And just as we hear in the story of Job, that the man was wasting away covered at every point of his entire body with festering and oozing sores, and yet he did not allow his perception, by means of his power of reasoned reflection, to incline towards his pain, but kept the faculty which felt the pain in the body, and would neither blunt the edge of his concentration upon his own proper activity nor interrupt the conversation when it embarked on high matters; it was something like this that I was also seeing in the case of the great Macrina; although the fever was devouring all her strength and driving her headlong to death, she refreshed her body as if with some kind of morning dew, and so she kept her mind unhindered in the contemplation of sublime things, without being at all affected by a sickness of such severity.
And were it not that my narrative was stretching out to infinity, I would record everything in the order and way it happened: how she was lifted up by her discourse and spoke to me of her philosophy of the soul; how she explained the reason for life in the flesh, for what purpose man exists, how he is mortal, what is the source of death and what release there is from death back to life again. On all of these subjects, as if inspired by the power of the Holy Spirit, she explained everything clearly and logically, her speech flowing on with complete ease as water is borne from some fountain-head downhill without anything to get in its way.
When our conversation was concluded, she said, "It's time, brother, for you to rest your body for a little while, as your journey must have tired you out", while for me it was really a complete relaxation just to look at her and to listen to her noble words; but since this was pleasing and important to her, in order that I might show obedience to my teacher in everything, I found ready for me in one of the nearby gardens a beautiful spot to rest in and I took my repose under the shade of the vine-girt trees.

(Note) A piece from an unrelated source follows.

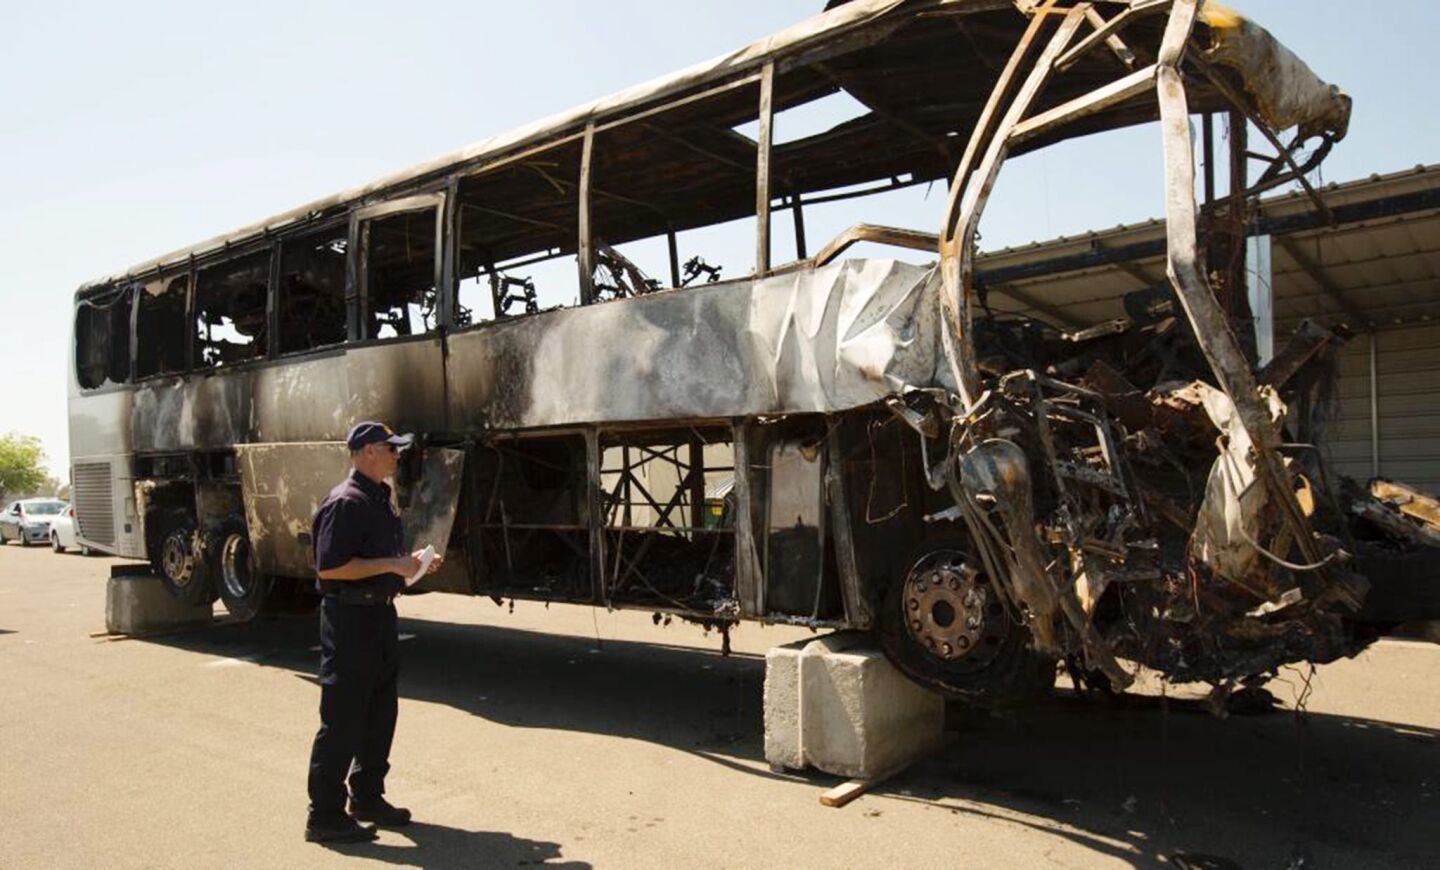 Bus crash wreckage

It was, however, not possible to savour the delightful surroundings when my soul within was awash with foreboding of unhappy events; for what I had seen seemed to unveil the hidden meaning of the vision in my dream. What I had seen before me was truly the remains of a holy martyr, one who had been dead to sin, but illumined by the indwelling grace of the Holy Spirit. And I explained this to one of those who had already heard my account of the Dream.
We were in the depths of despondency (as was only natural) in the anticipation of sad events, but Macrina guessed (I know not how) our state of mind and sent a message of better tidings to us, telling us to cheer up and to be of better hopes for her; for she perceived a turn for the better. This was not said to deceive us, but her communication was absolutely truthful, even if we did not recognise it at the time. For, in reality, just as a runner who has overtaken his rival and is already close to the finish of the race-course, when he draws near to the prize and sees the victor's crown, rejoices in his heart, as though he had already won the prizes which lie before him, and proclaims his victory to his supporters in the audience, from a similar intention Macrina gave us to hope for greater things for her, since she was already looking towards the prize of her upward calling and all but applying the words of the apostle to herself when he says that "all there is to come now is the crown of righteousness reserved for me, which the righteous judge will give to me," since "I have fought the good fight, I have run the race to the end and I have kept the faith." Reassured, then, by this good news, we started to enjoy the things that were put before us, and these were varied, the provision full of intent to give pleasure, since the great Macrina's thoughtfulness extended even to these things.
When we were again in her presence – for she did not allow us to spend much time on our own – she took up the story of the events of her life from infancy and retold them all in order as in an historical narrative, what she could remember about our parents' life, what happened before my birth and what afterwards.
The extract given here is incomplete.